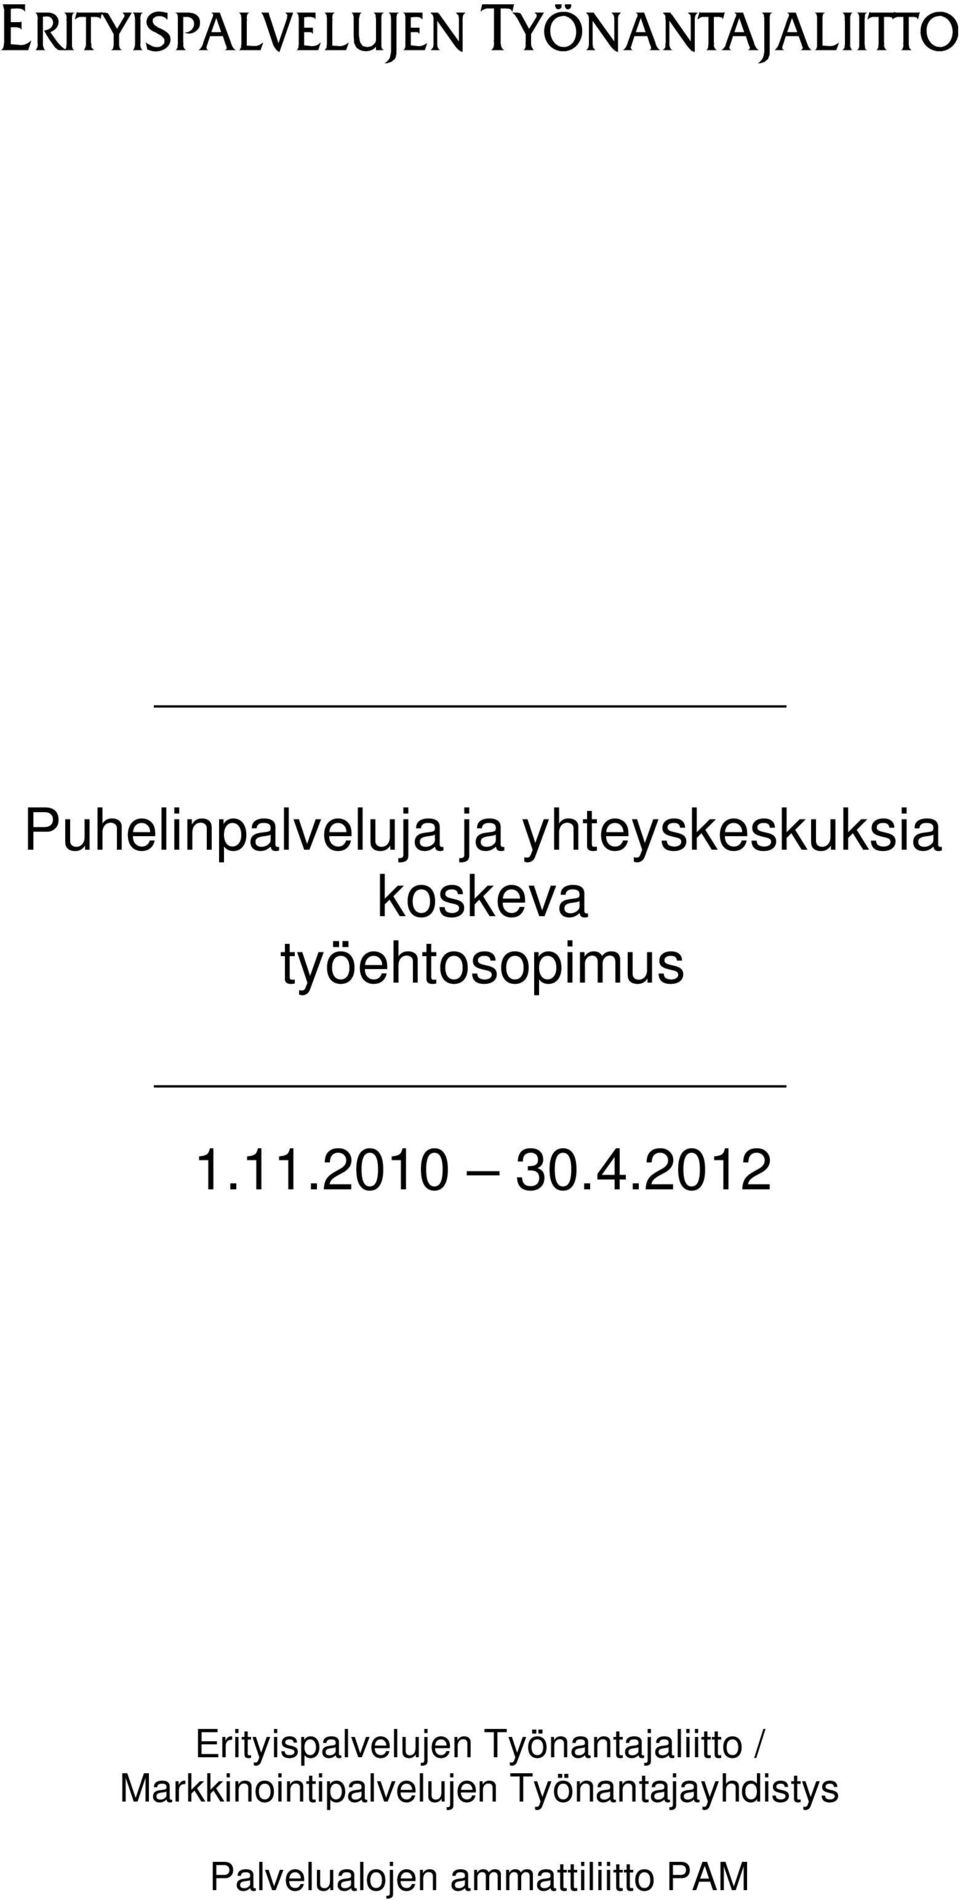 2012 Erityispalvelujen Työnantajaliitto /
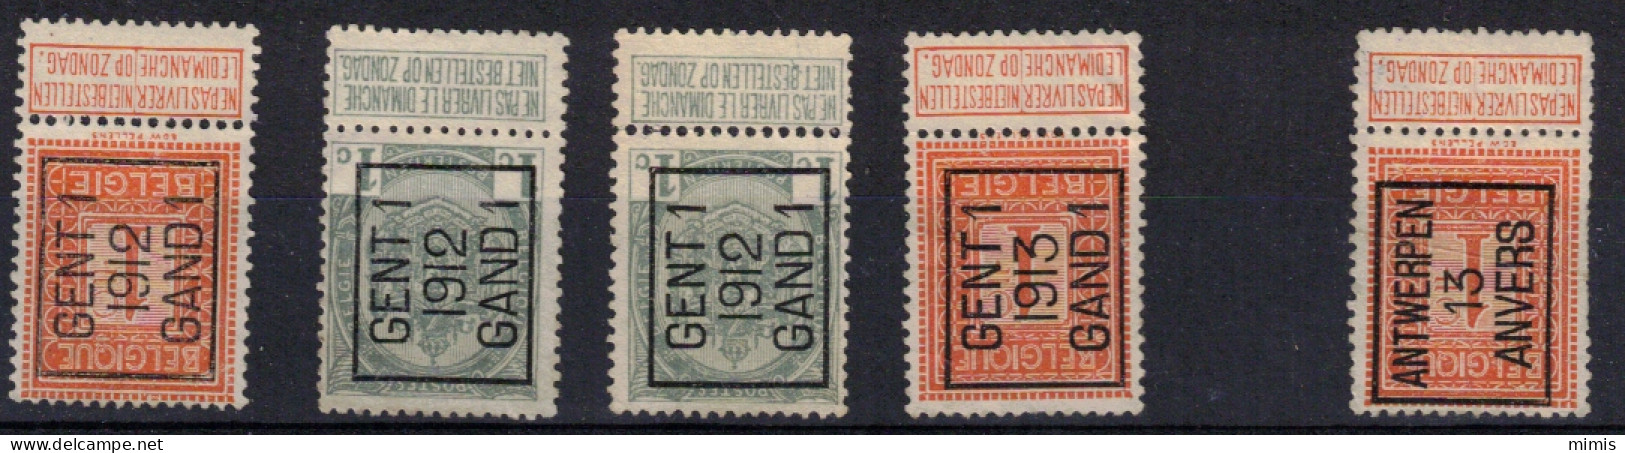 BELGIQUE  Préos    N° 53 + 108 - Typografisch 1912-14 (Cijfer-leeuw)
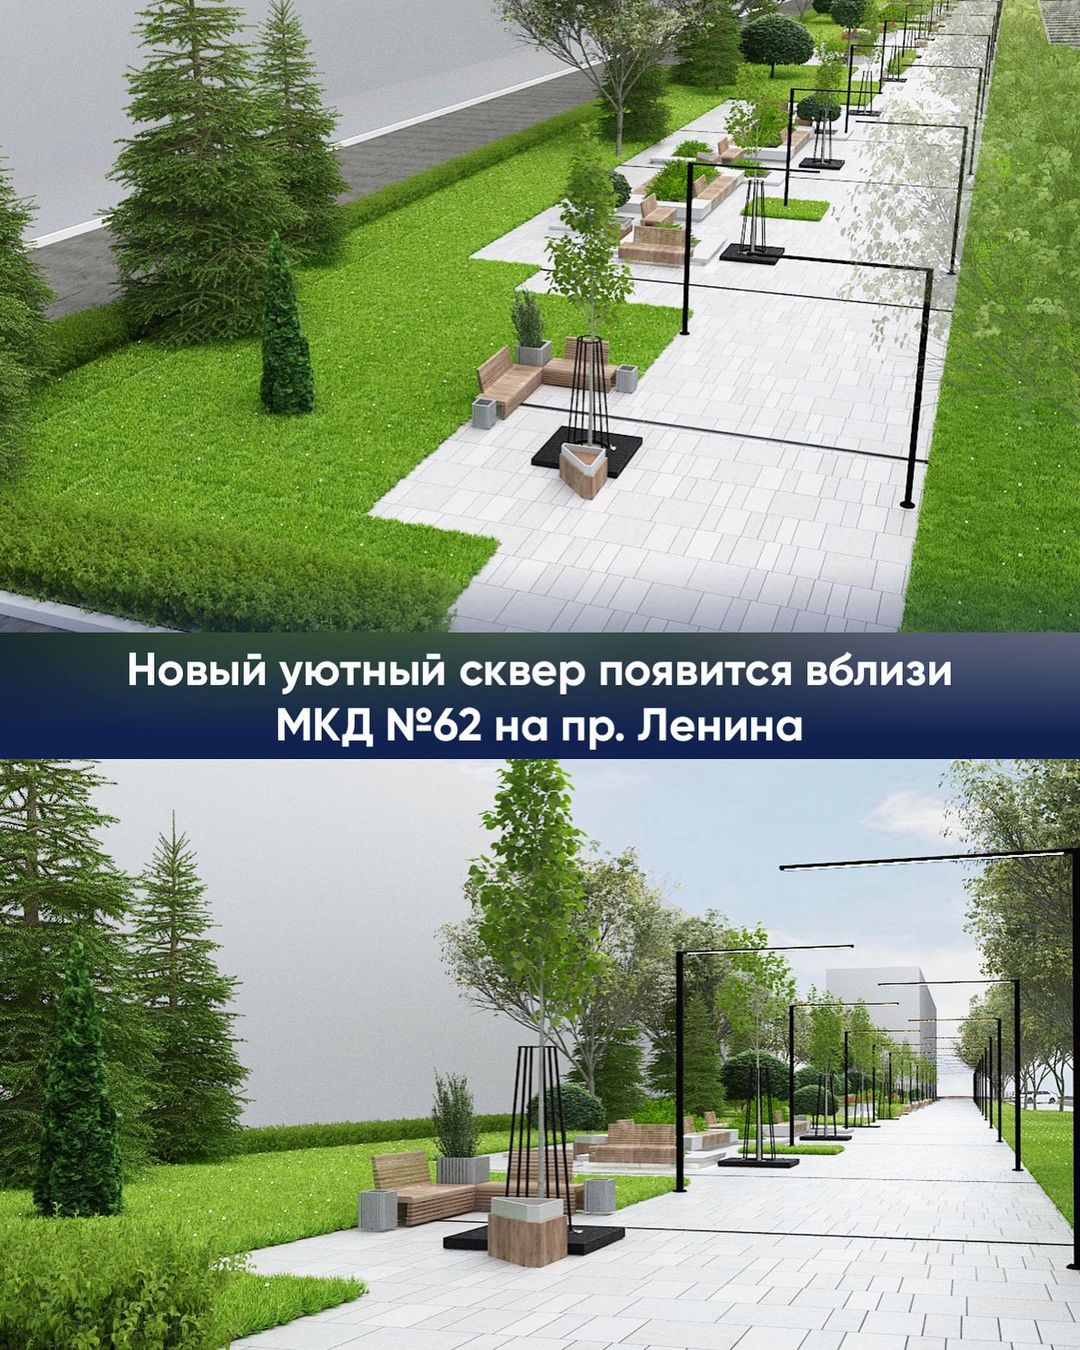 В столице Карачаево-Черкесии по проспекту Ленина появится уютный сквер

— WHAT TO WORK ON —
Reproduce the data above word for word and omit the images.

— EXERCISE OUTPUT —
 2012 Erityispalvelujen Työnantajaliitto /
 BELGIQUE  Préos    N° 53 + 108 - Typografisch 1912-14 (Cijfer-leeuw)
 В столице Карачаево-Черкесии по проспекту Ленина появится уютный сквер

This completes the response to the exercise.